Thursday, February 5, 2009

Whose decision is it really?

When you see the word decision, I am sure you will know that this article is about politics, a subject that I did not write in this blog for a long time.

All attentions (Malaysians) are on the state called Perak in Malaysia, simple translation; the SILVER STATE of Malaysia.

The ruling government “is” or “was” a coalition government called Pakatan Rakyat (PR) which is an opposition party in the Parliament. The majority held by them was very slim. Total seats were 59 and the PR coalition government had 31 against 28 (Barisan Nasional {BN}).

The BN guys just needed 2 guys from the PR to defect and give BN a simple majority to overturn the PR government and form their own government.
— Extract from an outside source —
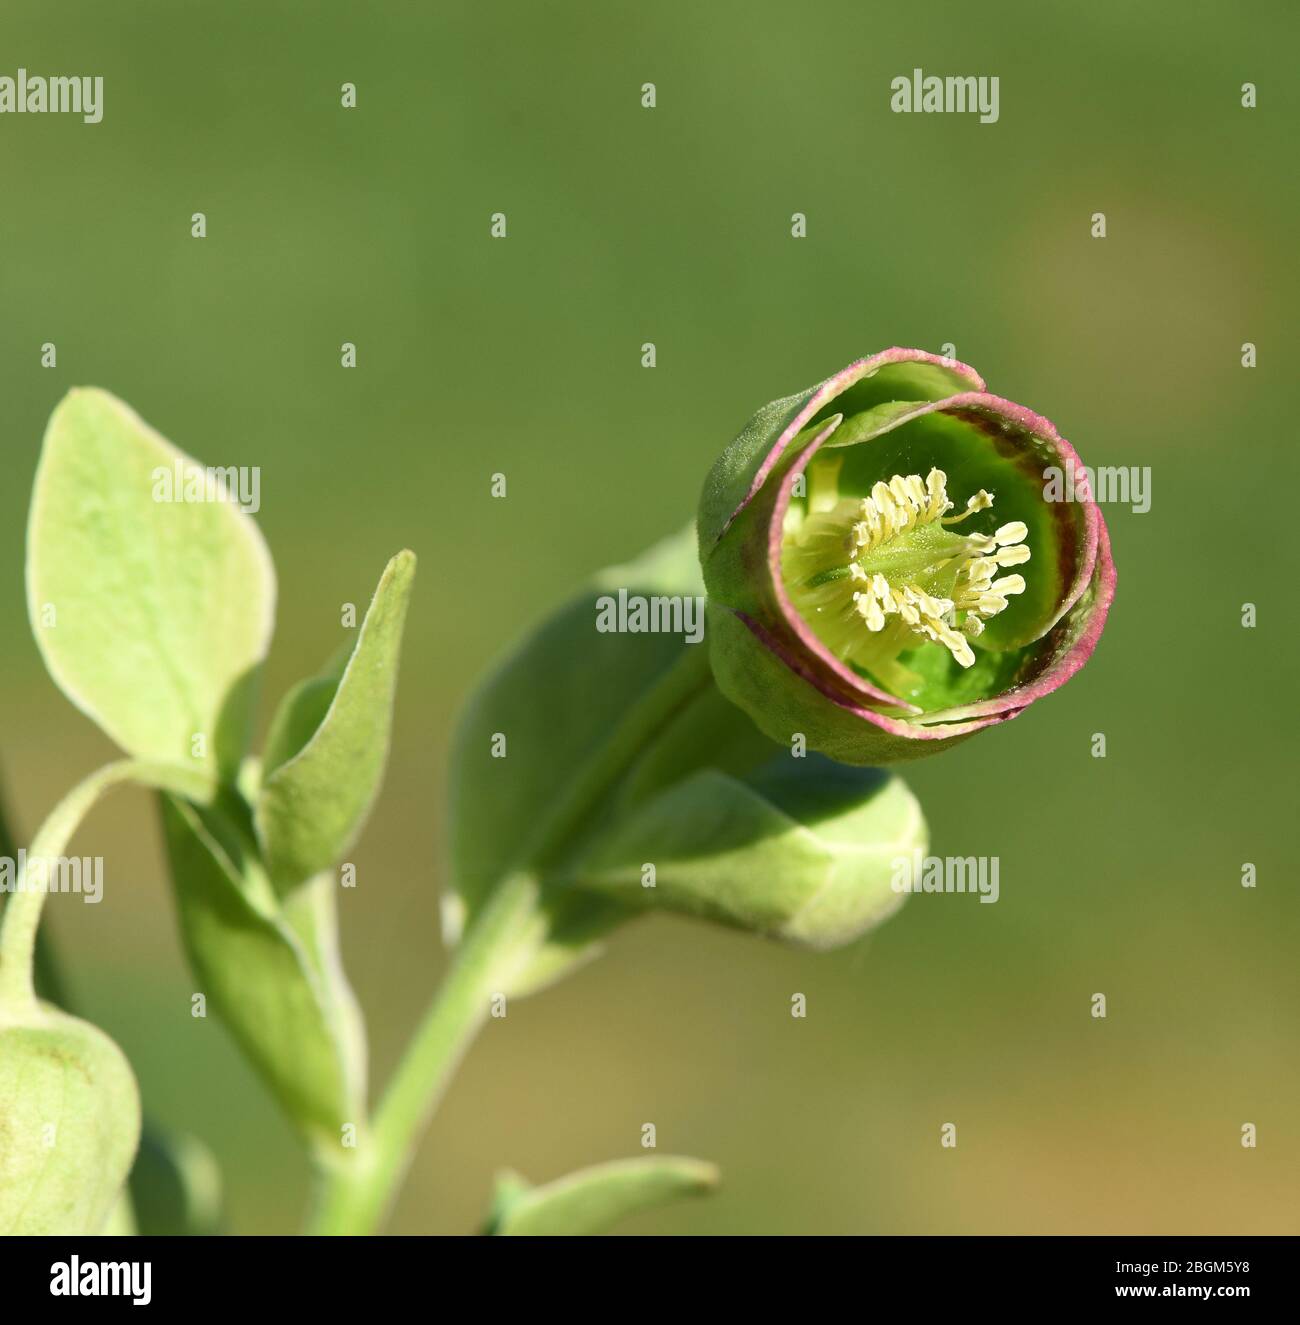 Stinkende Nieswurz, Helleborus foetidus  ist eine wichtige Heilpflanze und eine Duftpflanze mit gruen, gelben Blueten und bluet im Winter. Smelly hell Stock Photo

To everyone’s surprise, 1 legislative member from the BN side jumped from the BN camp to the PR camp. Everyone was wondering why, but rather than spending / wasting time thinking why this happened, the PR was so happy and celebrated. Now PR has 32 against 27, any sane mind would have considered this as a structural reinforcement for the PR government.

Suddenly 2 PR legislative members were missing, then there was 1 lady saying she is not defecting from the PR side. In this chaotic situation, the PR government made a decision to dissolve the existing government to pave way to a fresh election to get firm mandate from the people.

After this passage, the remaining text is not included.